[YOUR OBJECTIVE] Apart from the pictures, reproduce the data below exactly as it stands.

[GIVEN MATERIAL]
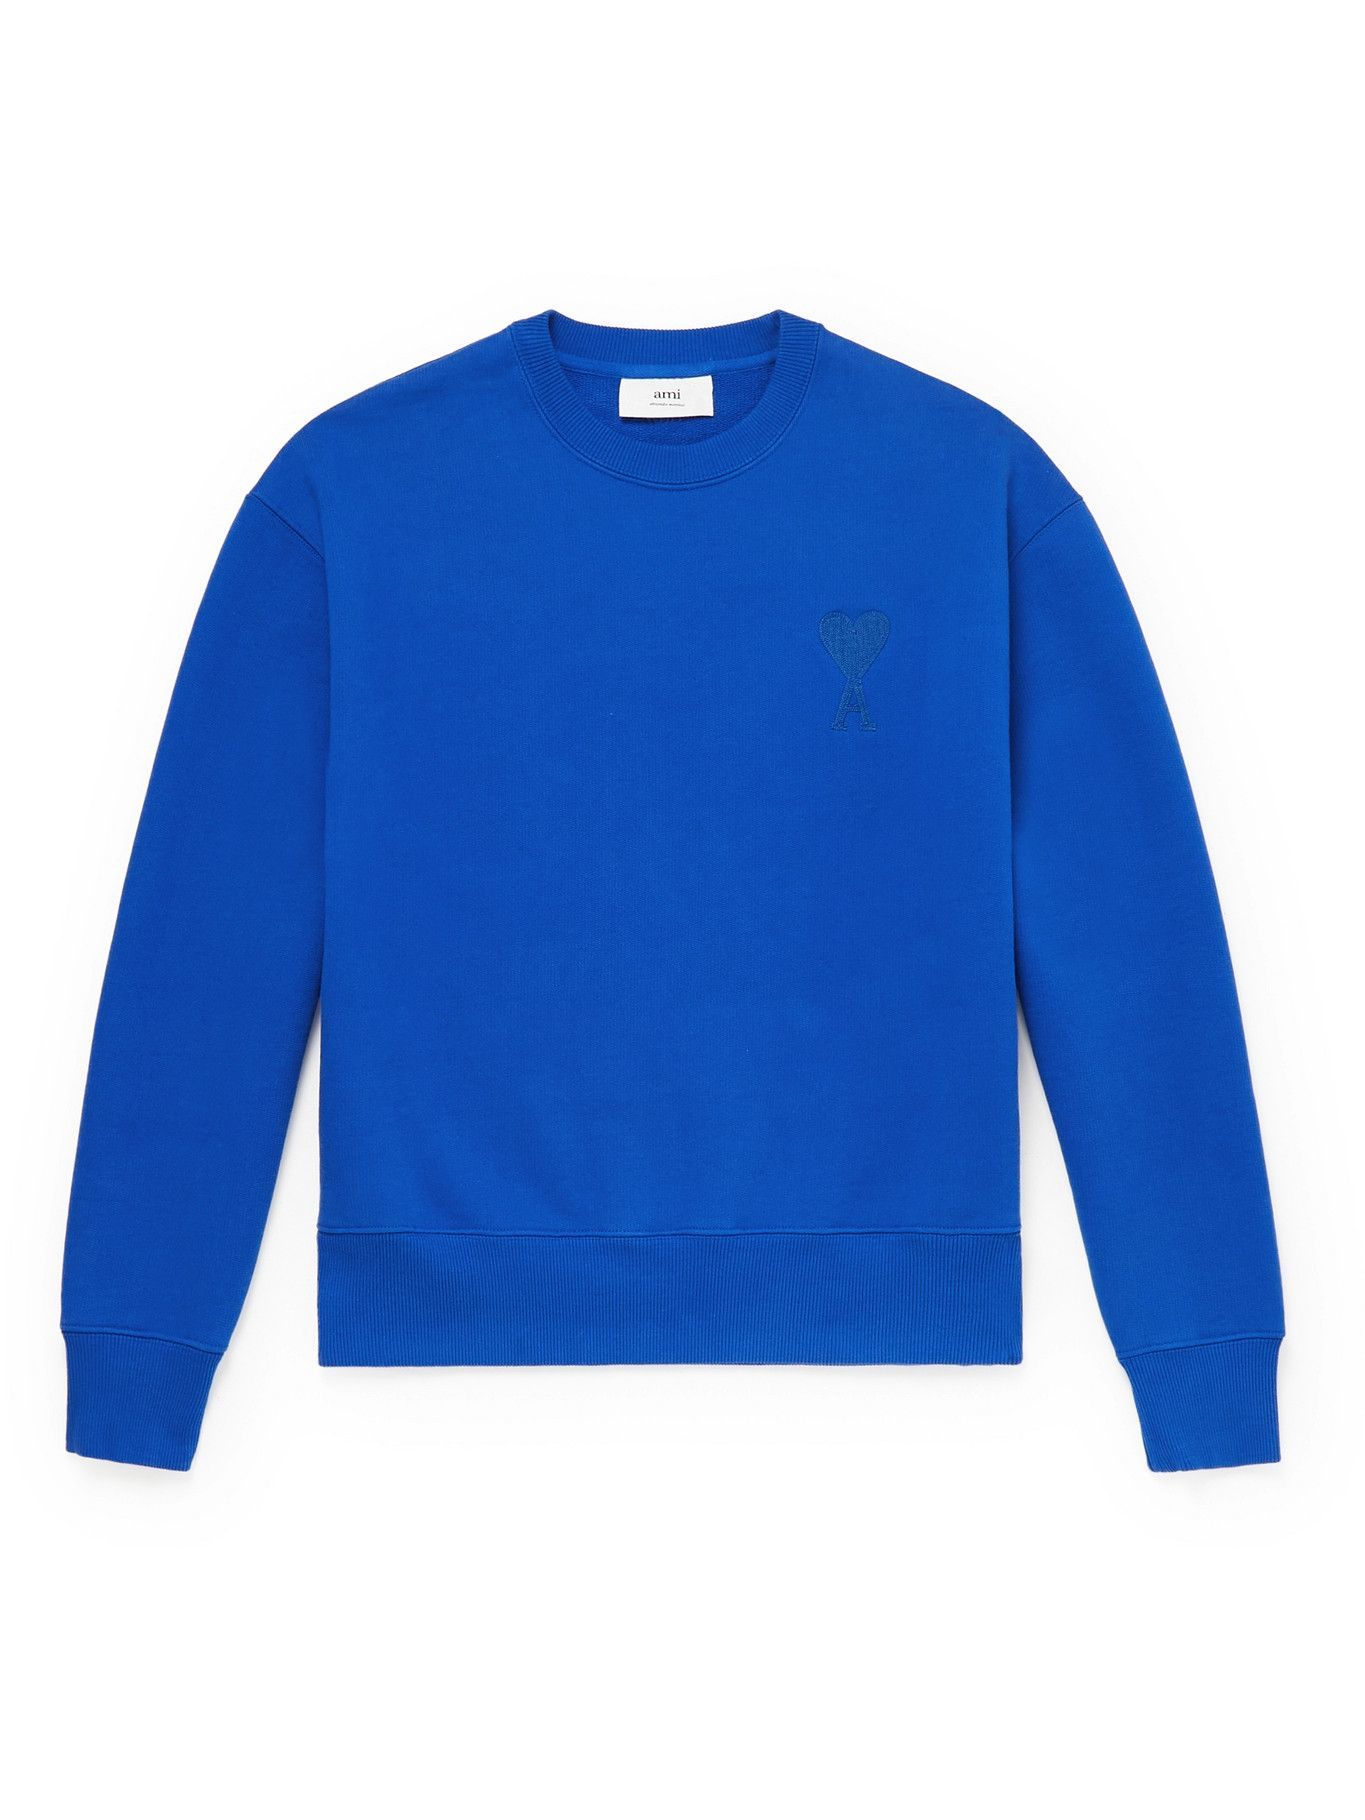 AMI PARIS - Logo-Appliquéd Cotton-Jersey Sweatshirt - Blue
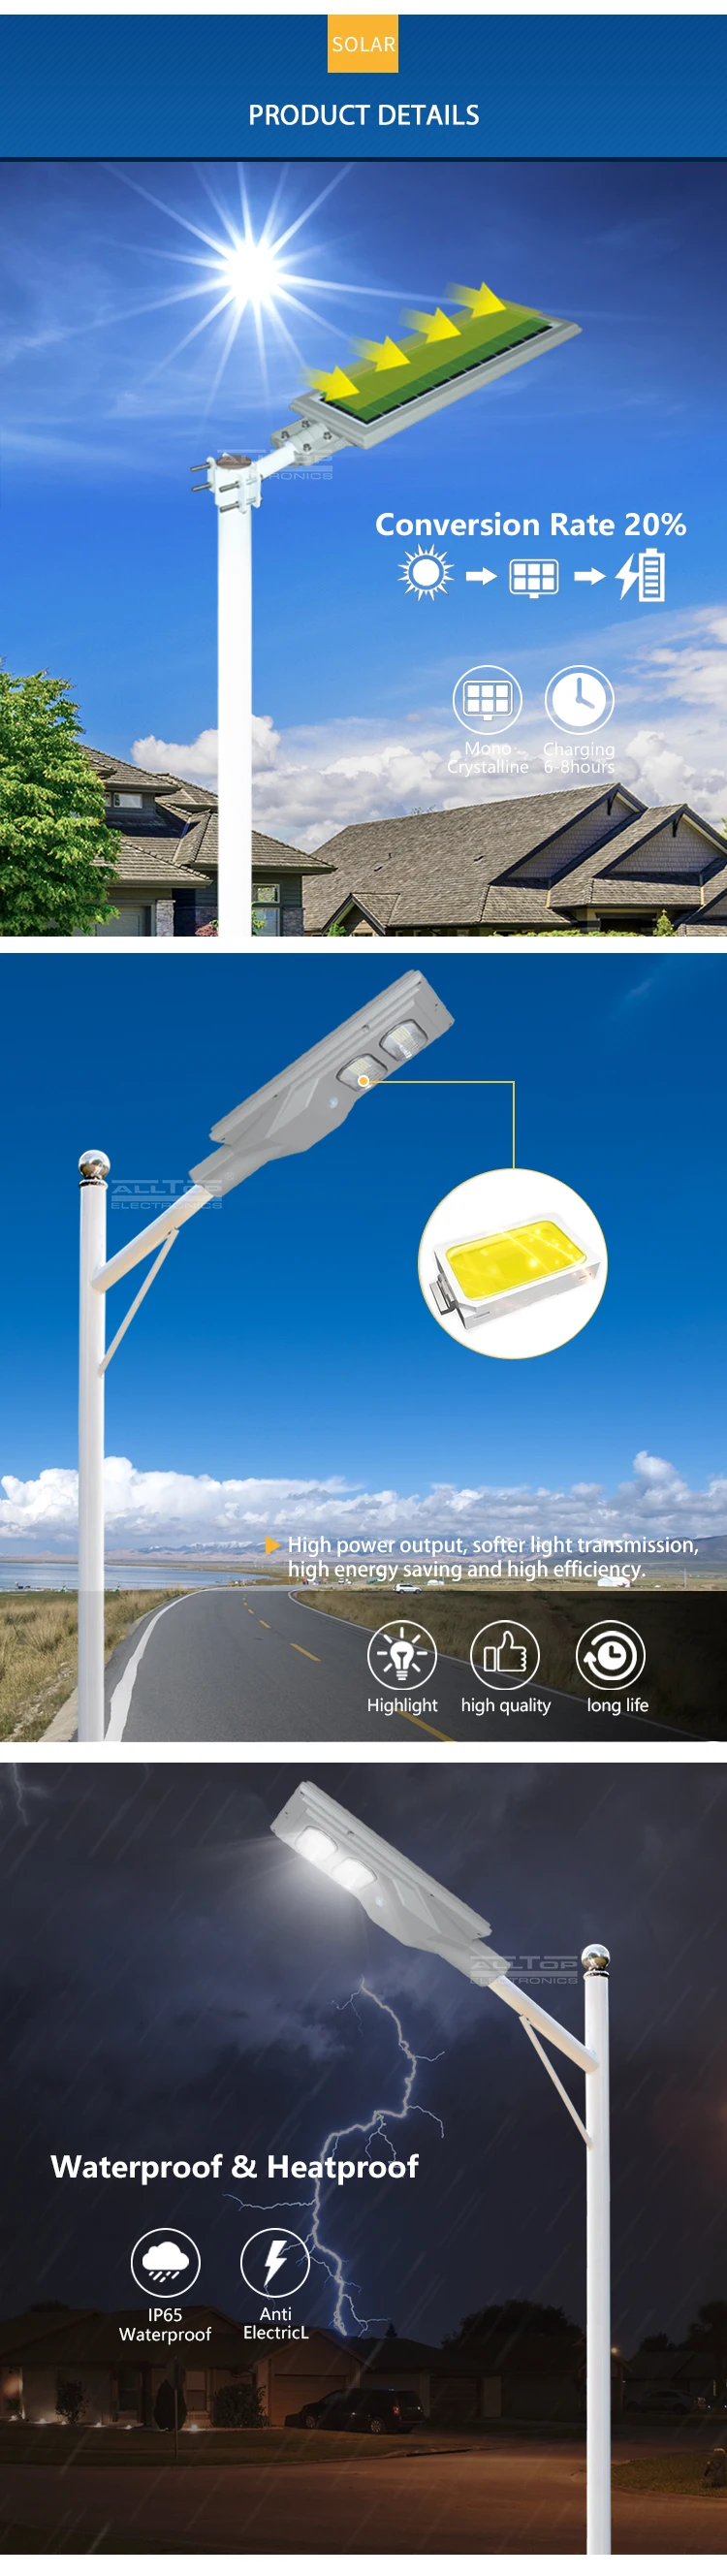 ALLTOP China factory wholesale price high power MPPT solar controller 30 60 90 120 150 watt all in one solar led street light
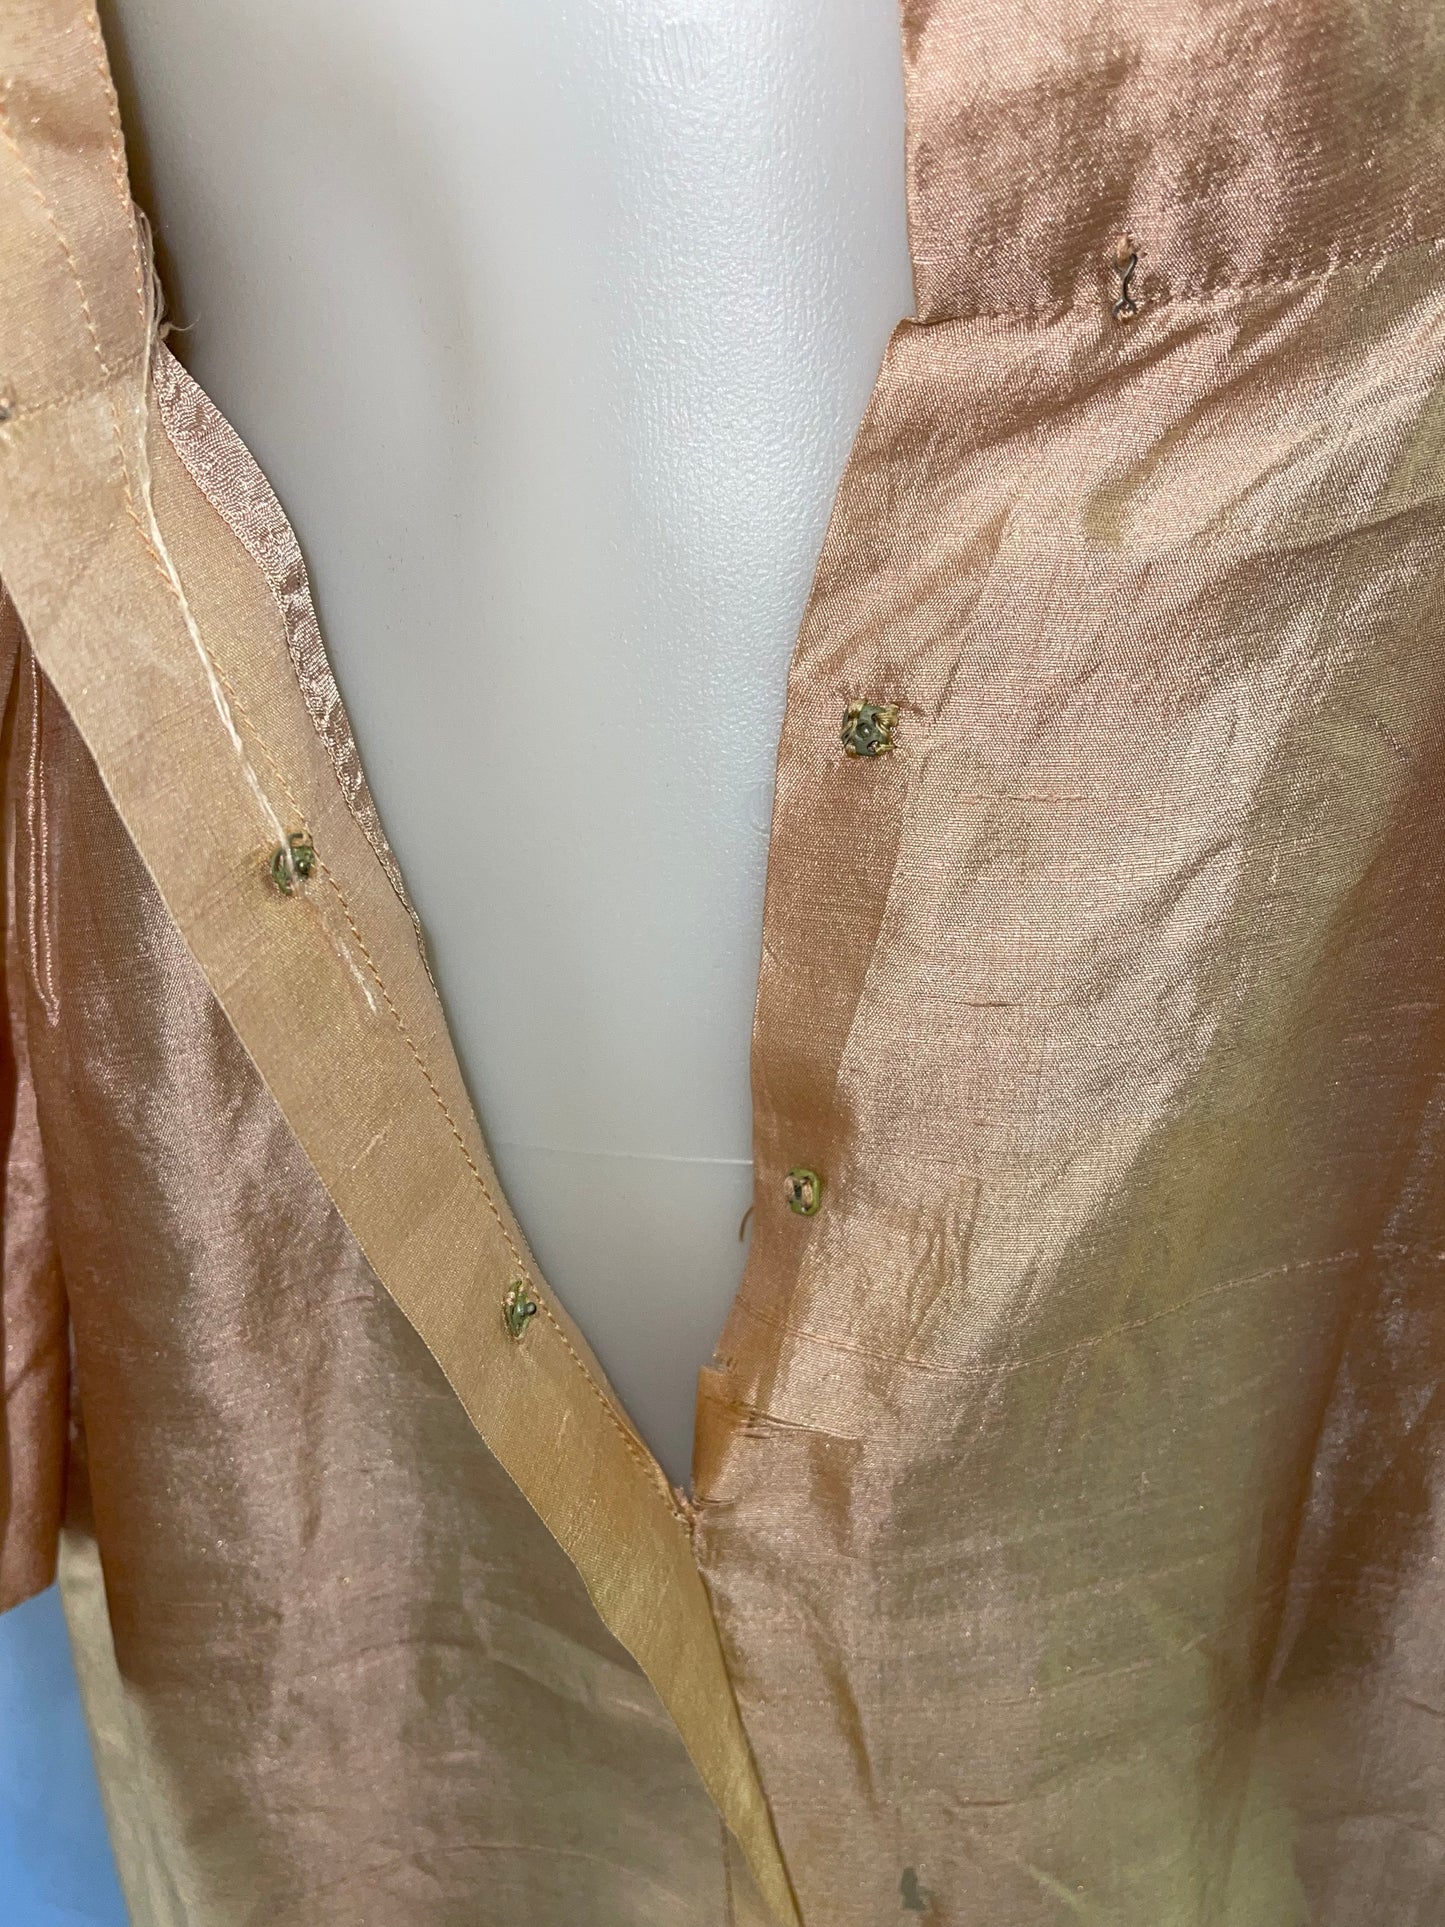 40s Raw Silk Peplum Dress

[ANSWER AREA]
 AMI PARIS - Logo-Appliquéd Cotton-Jersey Sweatshirt - Blue
 ALLTOP China factory wholesale price high power MPPT solar controller 30 60 90 120 150 watt all in one solar led street light
 40s Raw Silk Peplum Dress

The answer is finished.